Nun wollen wir die Daten aus dem Datensatz iris
für die Darstellung mit den Fehlerbalken vorbereiten. Dazu gehen wir wie oben vor und nutzen die Funktion aggregate()
.
# Mittelwerte berechnen
mittel <- aggregate(Sepal.Length ~ Species, iris, mean)

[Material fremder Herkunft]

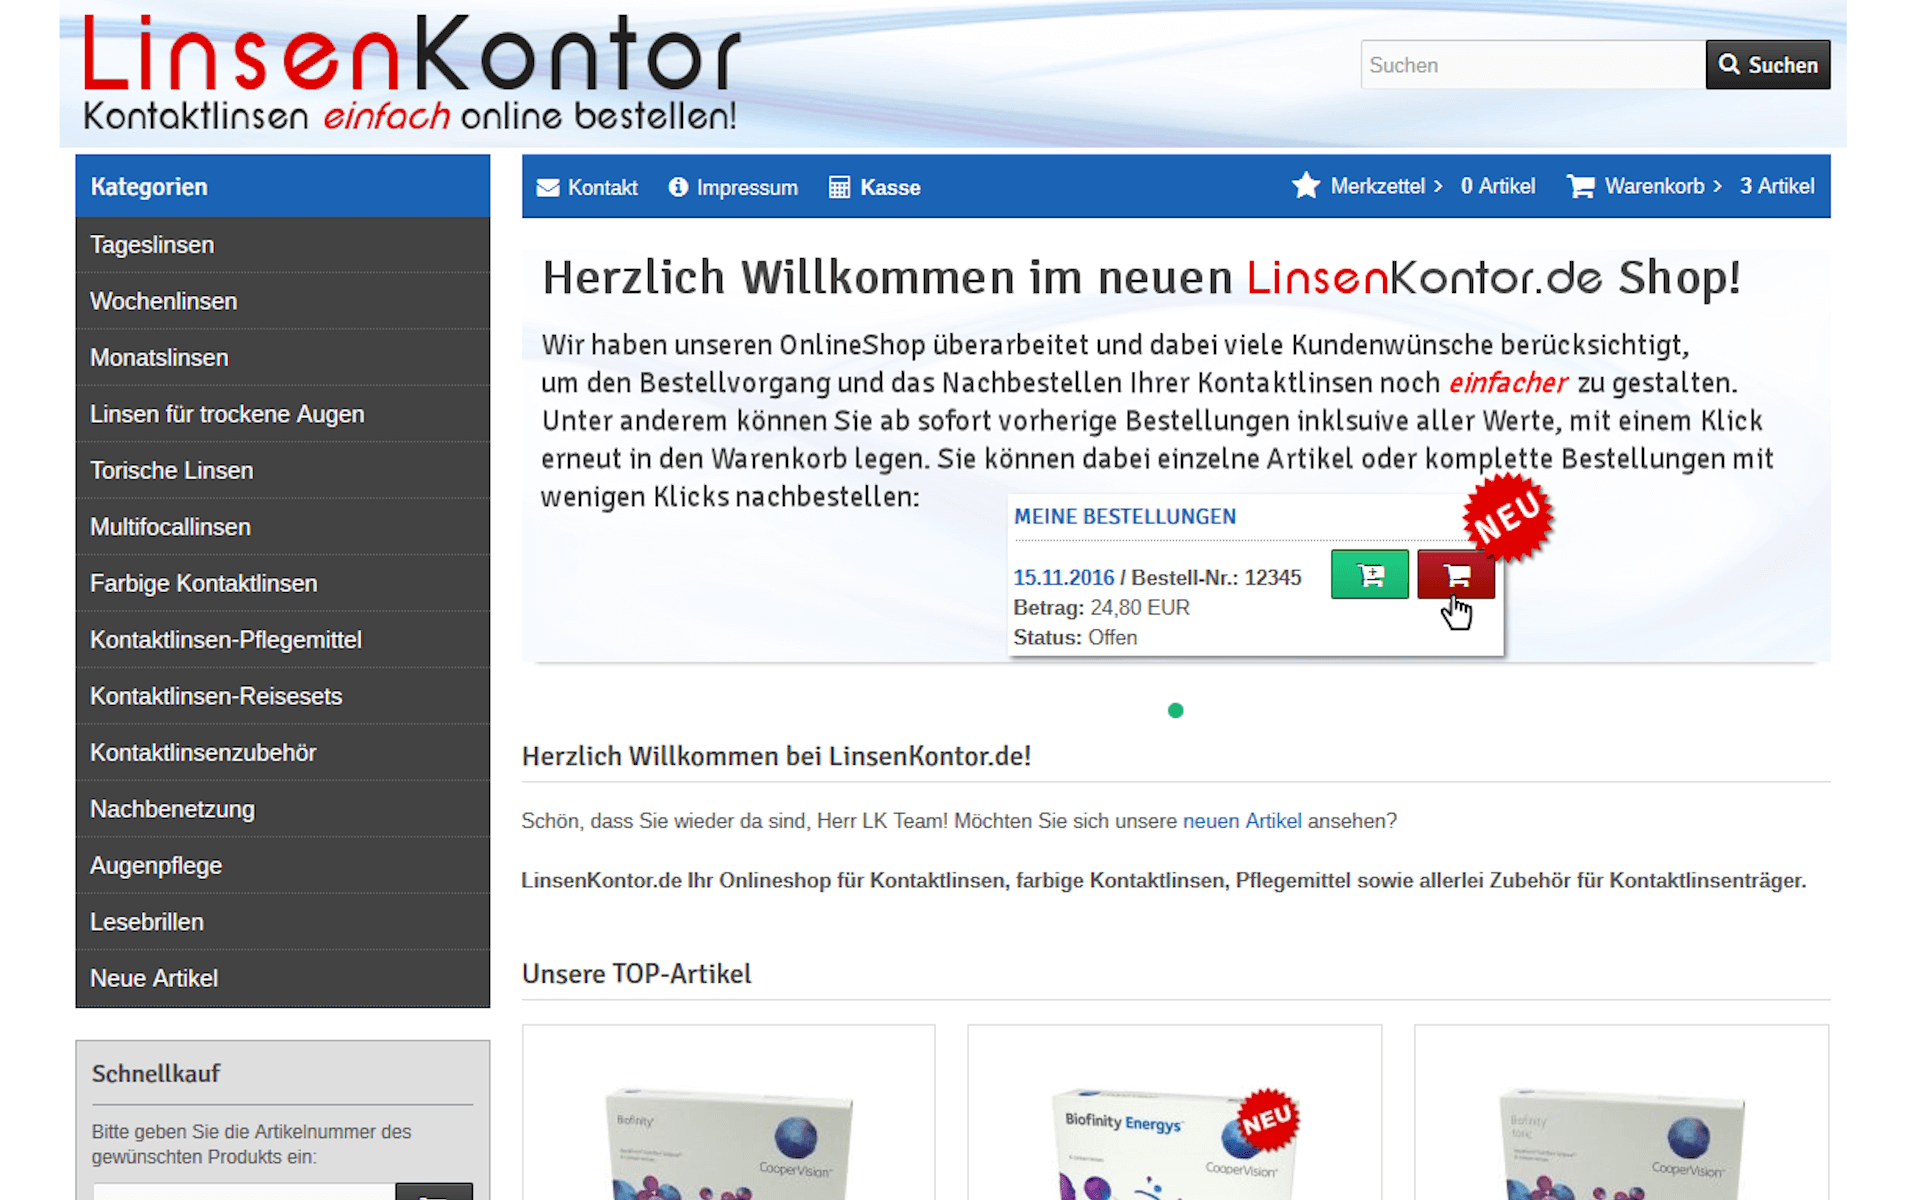 LinsenKontor.de - Kontaktlinsen einfach online bestellen!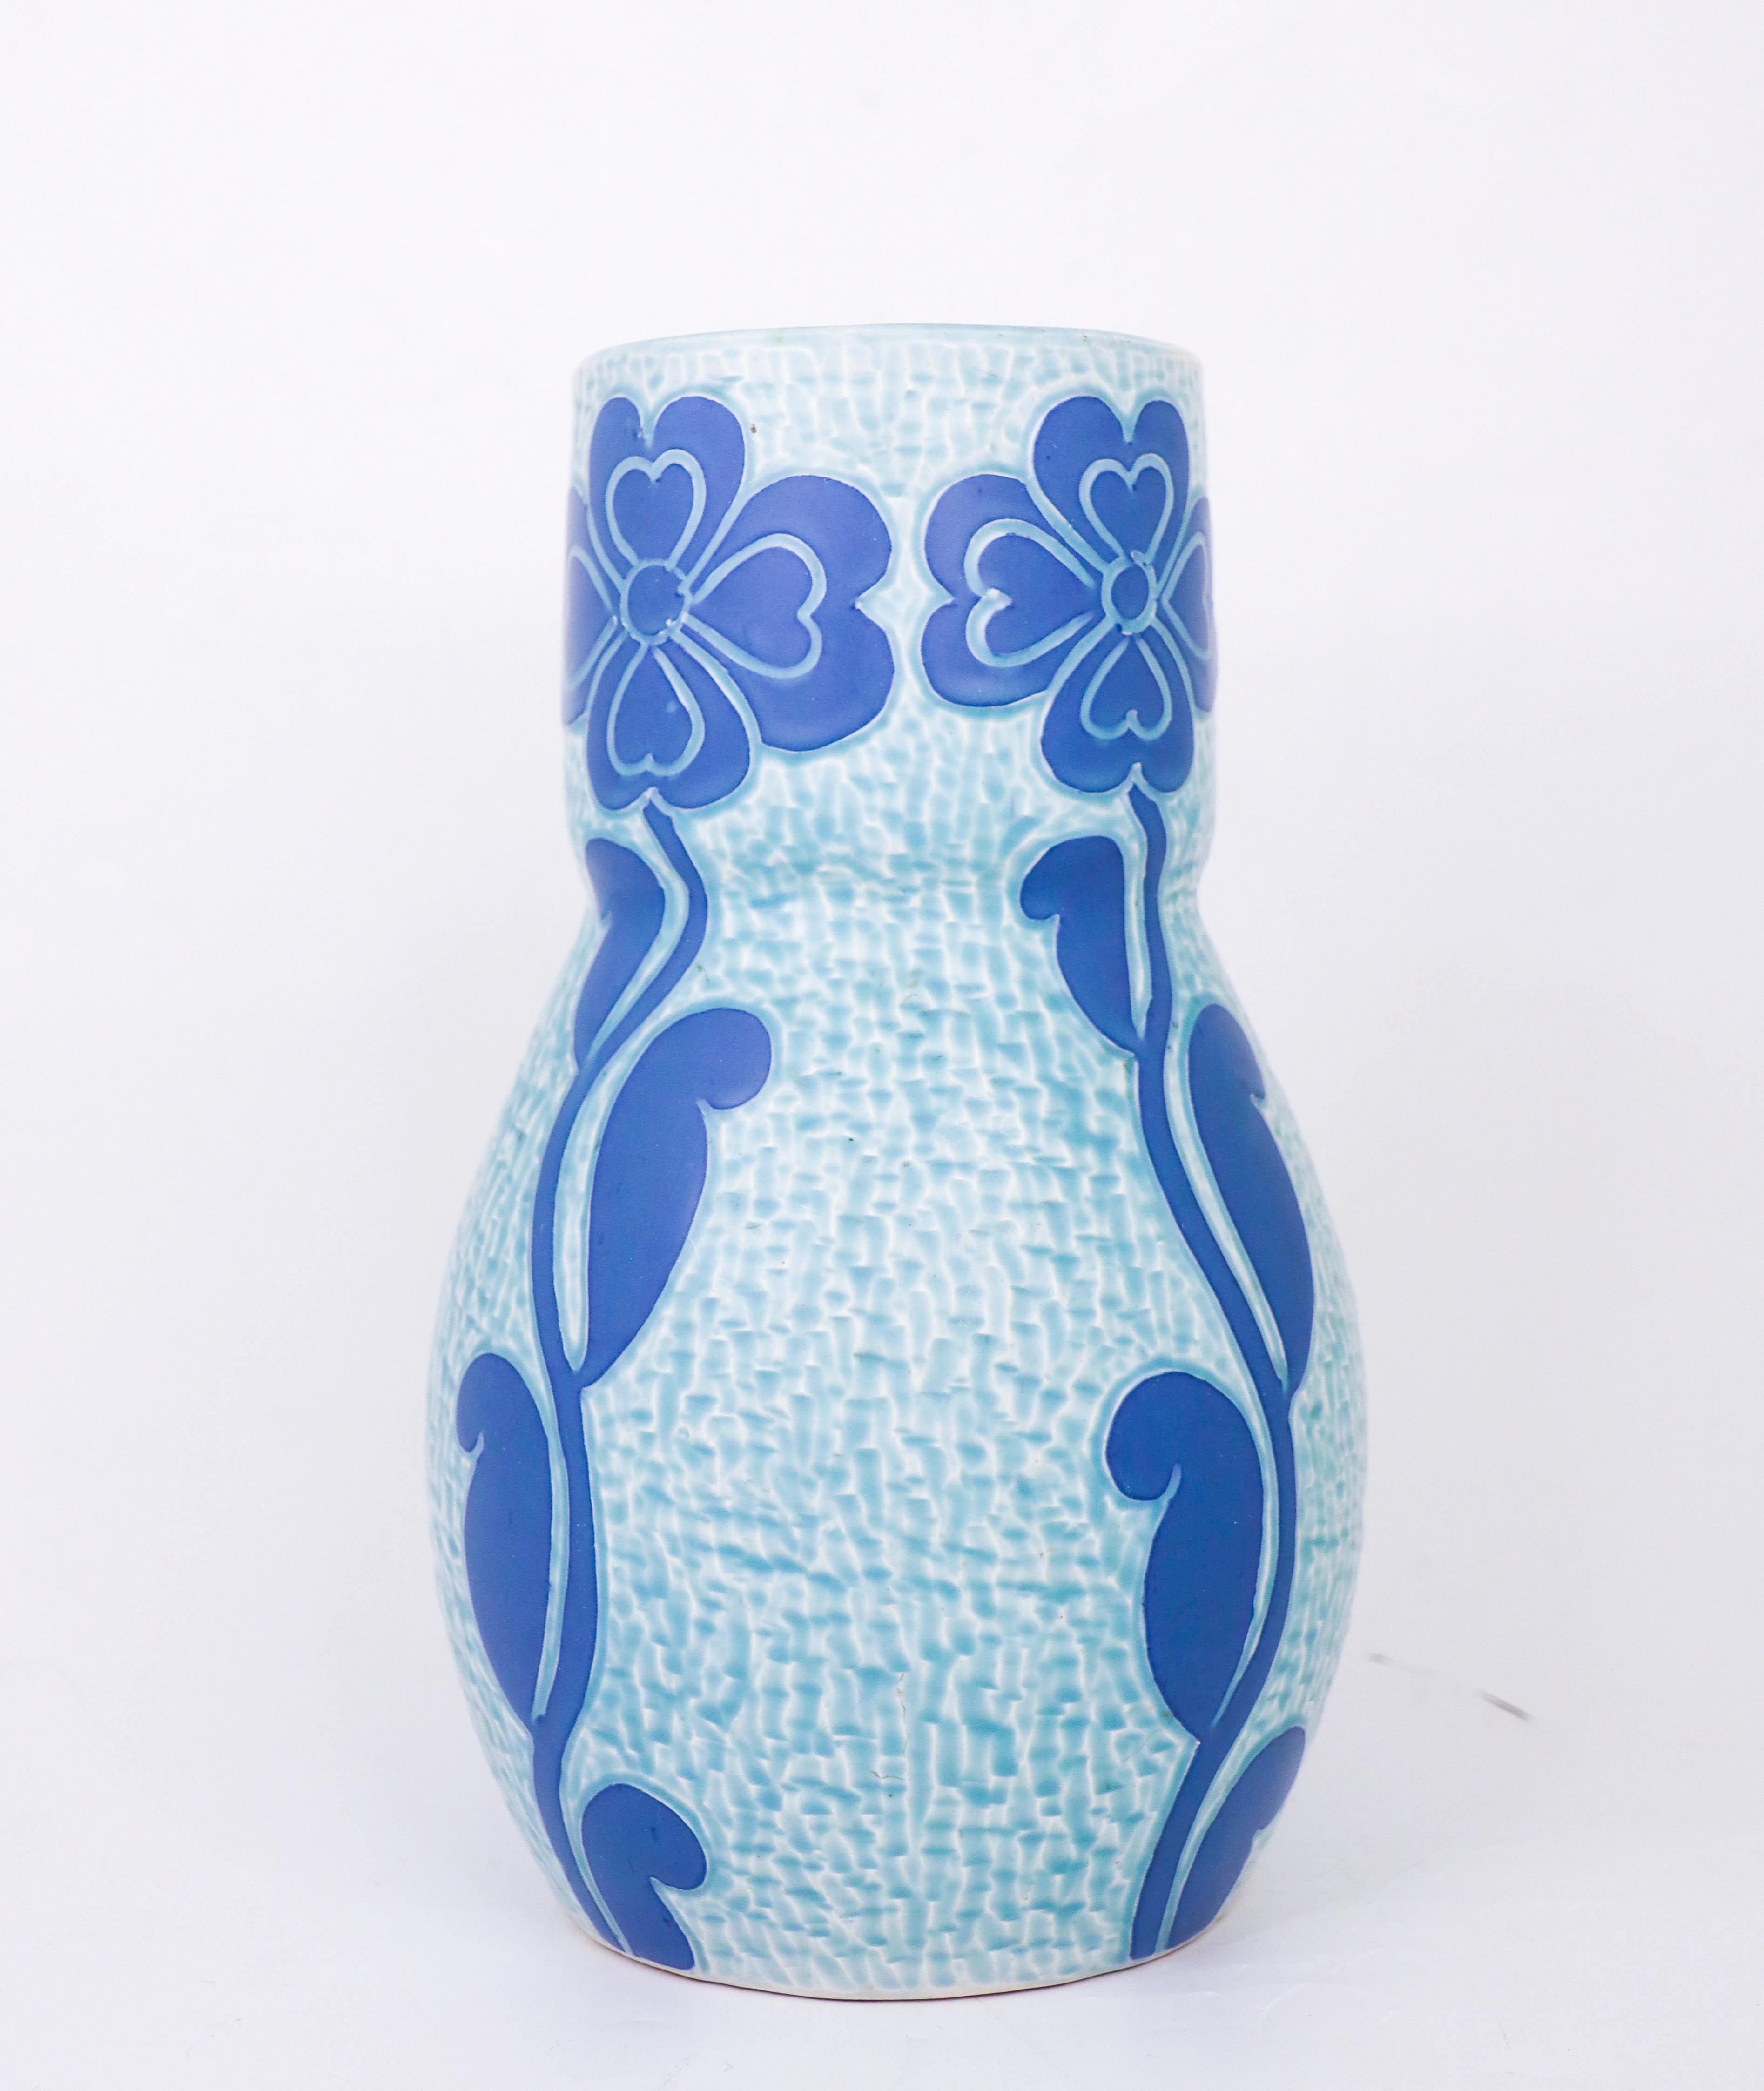 Diese Jugendstilvase aus Keramik wurde 1920 von Josef Ekberg bei Gustavsberg entworfen und stammt aus der klassischen Sgrafitto-Serie. Die Vase ist 23,5 cm (9,4

# Standardabweichung berechnen
abweichung <- aggregate(Sepal.Length ~ Species, iris, sd)
# Zusammenführen
data_iris <- data.frame(
name = mittel[,1],
mean = mittel[,2],
sd = abweichung[,2]
)
data_iris
name | mean | sd |
---|---|---|
<fct> | <dbl> | <dbl> |
setosa | 5.006 | 0.3524897 |
versicolor | 5.936 | 0.5161711 |
virginica | 6.588 | 0.6358796 |
Nun schauen wir uns das Säulendiagramm mit den Fehlerbalken für die erste Spalte der iris
Daten an.
library("ggplot2")
# Most basic error bar
ggplot(data_iris) +
geom_bar( aes(x=name, y=mean), stat="identity", fill="skyblue", alpha=0.7) +
geom_errorbar( aes(x=name, ymin=mean-sd, ymax=mean+sd), width=0.4, colour="orange", alpha=0.9, linewidth=1.3) +
labs(title = "Mittelwerte der Petal.Length mit Fehlerbalken",
x = "Iris-Art",
y = "Blütenblattlänge (cm)")
Mit dem Befehl
labs(title = "Mittelwerte der Petal.Length mit Fehlerbalken", x = "Iris-Art", y = "Blütenblattlänge (cm)")
haben wir noch die Achsenbeschriftung und den Titel angepasst.